2 - Cf. Mario Casalla: América en el pensamiento de Hegel. Ver los debates sobre la impronta hegeliana en la visión europea de América, iniciado en el marco del pensamiento marxista por Aricó en su Marx y América Latina, y continuado por el mexicano Arturo Chavolla, que ameritara una airada respuesta de Néstor Kohan. Por otra cuerda, Álvaro García Linera en su libro La potencia plebeya ha contestado críticamente las posiciones de Aricó.

3 - Calchaquí, pág. 18.

4 - Es usual la formulación de la utopía y el mito luego de la tortura: el caso de Campanella, que según Valcárcel había basado en la imagen que de los incas tenía su época para construir su Ciudad del Sol, es emblemática.
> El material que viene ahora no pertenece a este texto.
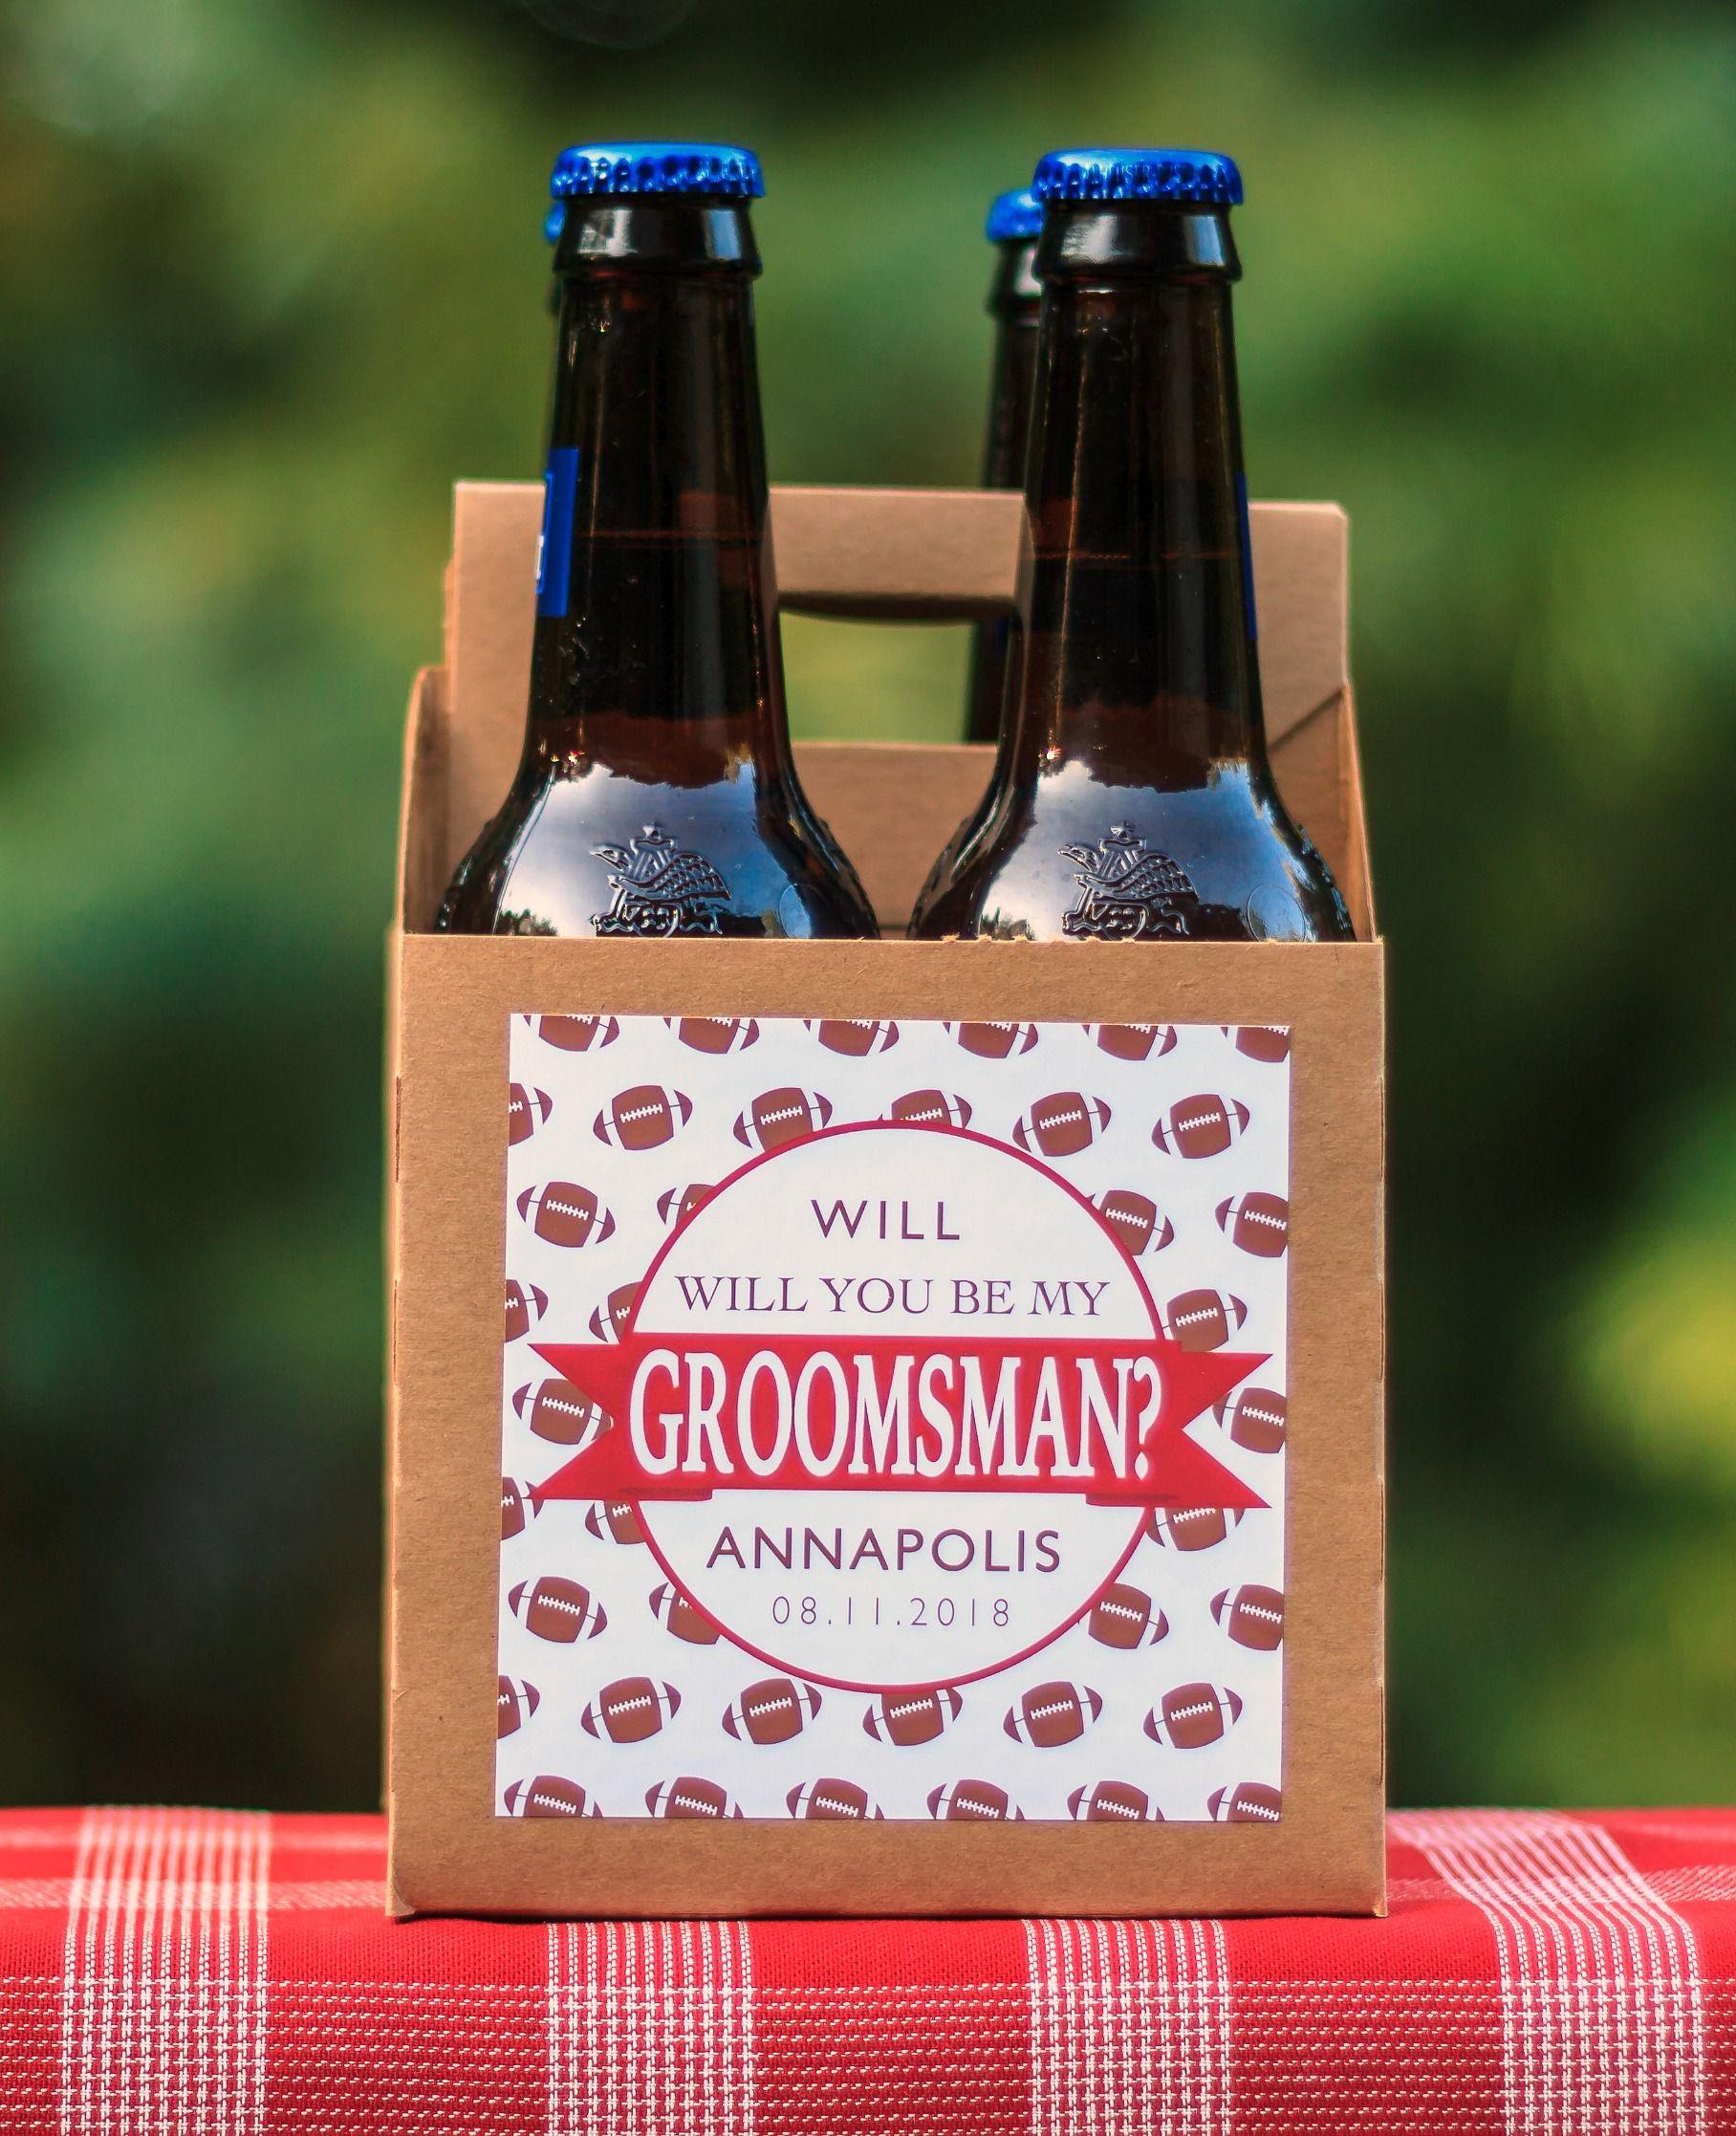 Wedding Announcement Ideas Asking Groomsman Groomsmen Proposal P1187 Personalized Groomsman Puzzle Will You Be My Groomsman

Incluso fue desechada durante mucho tiempo al considerársela como un desvarío de un loco, un torturado.

5 - Sur, 1968. La edición alemana data de 1949. Su inclusión en la colección de Estudios Alemanes, inspirada en cierto espíritu de la Escuela de Frankfurt, en fecha notoria como 1968, es más que elocuente sobre el sentido de su inscripción de los debates argentinos.

Los procesos de descolonización y los movimientos de liberación nacional y social de la segunda posguerra reconocen una dimensión de actualización mítica de las promesas incumplidas por el despliegue, en todo el orbe, de la racionalidad capitalista. Incluso allí donde triunfaron los movimientos emancipatorios, tras un momento épico dieron paso a la organización técnica que acabó por destituir sus anhelos liberadores. Ernesto Che Guevara percibió ese oscuro dilema: su propuesta de los incentivos morales para elidir la ley del valor y producir el Hombre Nuevo redivivo en la escena de las alienaciones estaba orientada en ese sentido; era su manotazo de ahogado, su recurso último a la dimensión épica para hacer del marxismo “ni calco ni copia, sino creación heroica”, como quería Mariátegui. Aquello que las filosofías vitalistas de entreguerras ponían en términos de la tragedia de la cultura daba así con un nuevo avatar.
Las utopías de argumento estatal ofrecían una resolución rápida a estos problemas. Su consumación histórica en los totalitarismos del siglo XX, ya en su versión marxista, en su versión nazi, o en su versión sionista, e incluso en su más común, naturalizada –y por ello no percibida como tal- versión liberal laica, destituyó de la escena utópica al Estado y emplazó en los actores de la sociedad civil la idea de una nueva forma de comunitarismo que conduciría al reino de la libertad y el bienestar colectivo.